* **Task directions**
Each line of the records that follow must come back exactly, with pictures skipped.

Data extracted from a collection
###
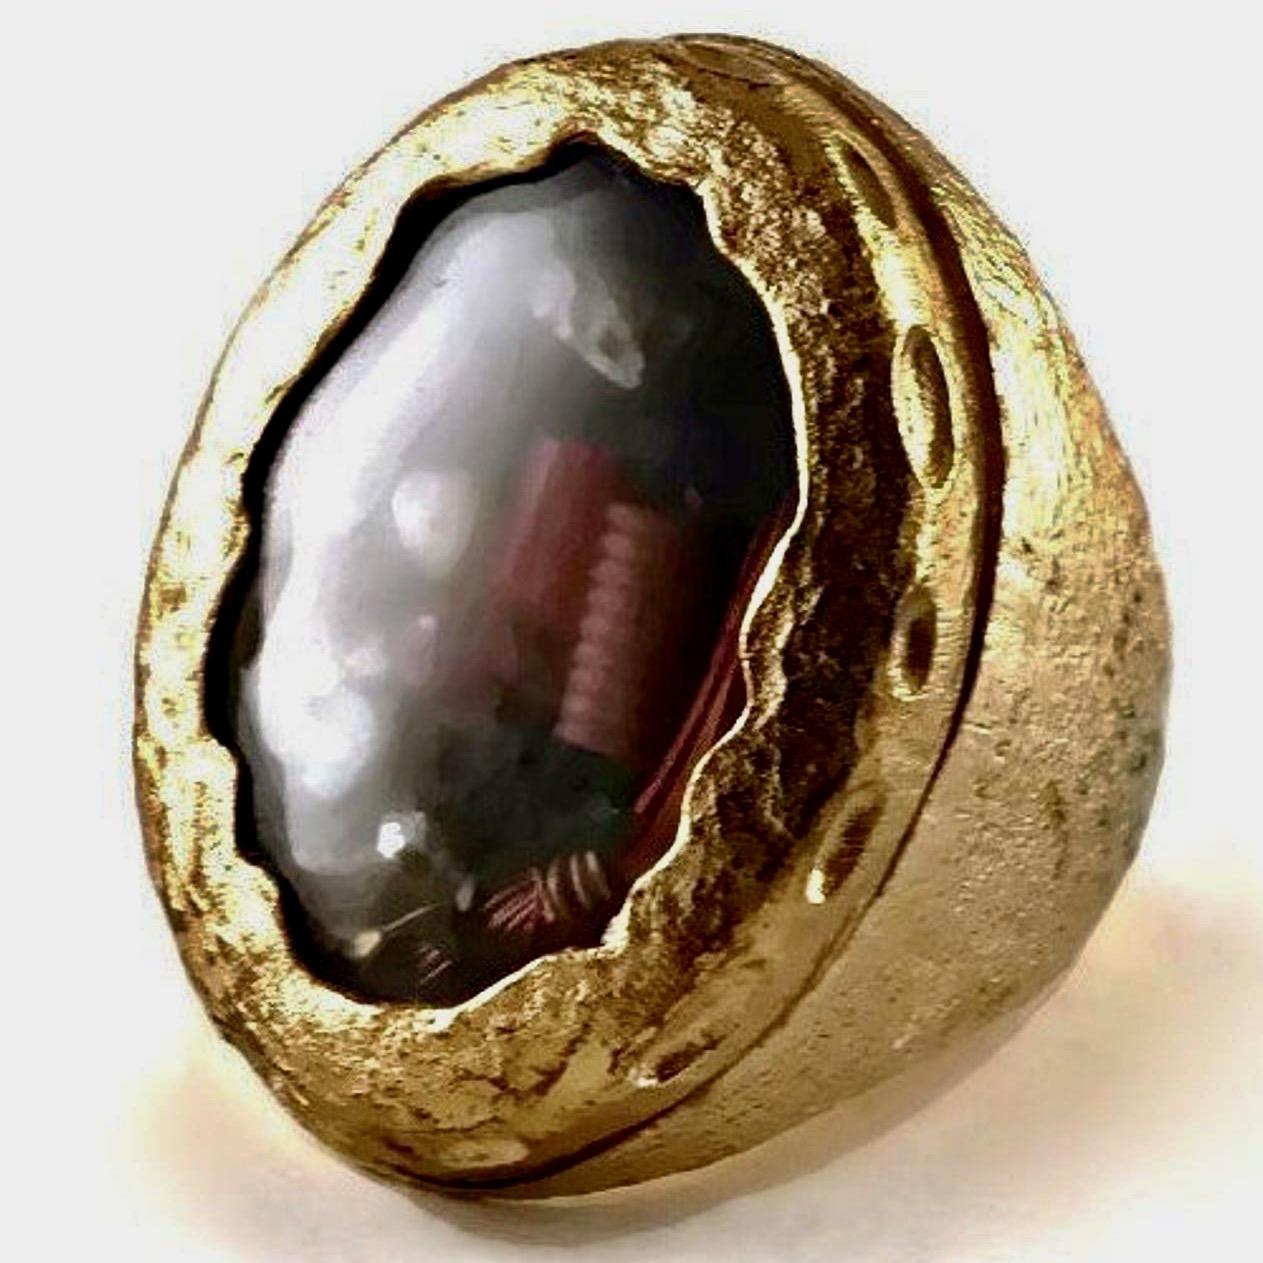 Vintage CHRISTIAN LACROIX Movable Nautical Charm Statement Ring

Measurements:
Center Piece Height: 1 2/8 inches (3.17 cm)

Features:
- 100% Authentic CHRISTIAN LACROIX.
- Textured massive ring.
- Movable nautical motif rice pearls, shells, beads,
###
* **Exercise result**
 Vintage CHRISTIAN LACROIX Movable Nautical Charm Statement Ring

Measurements:
Center Piece Height: 1 2/8 inches (3.17 cm)

Features:
- 100% Authentic CHRISTIAN LACROIX.
- Textured massive ring.
- Movable nautical motif rice pearls, shells, beads,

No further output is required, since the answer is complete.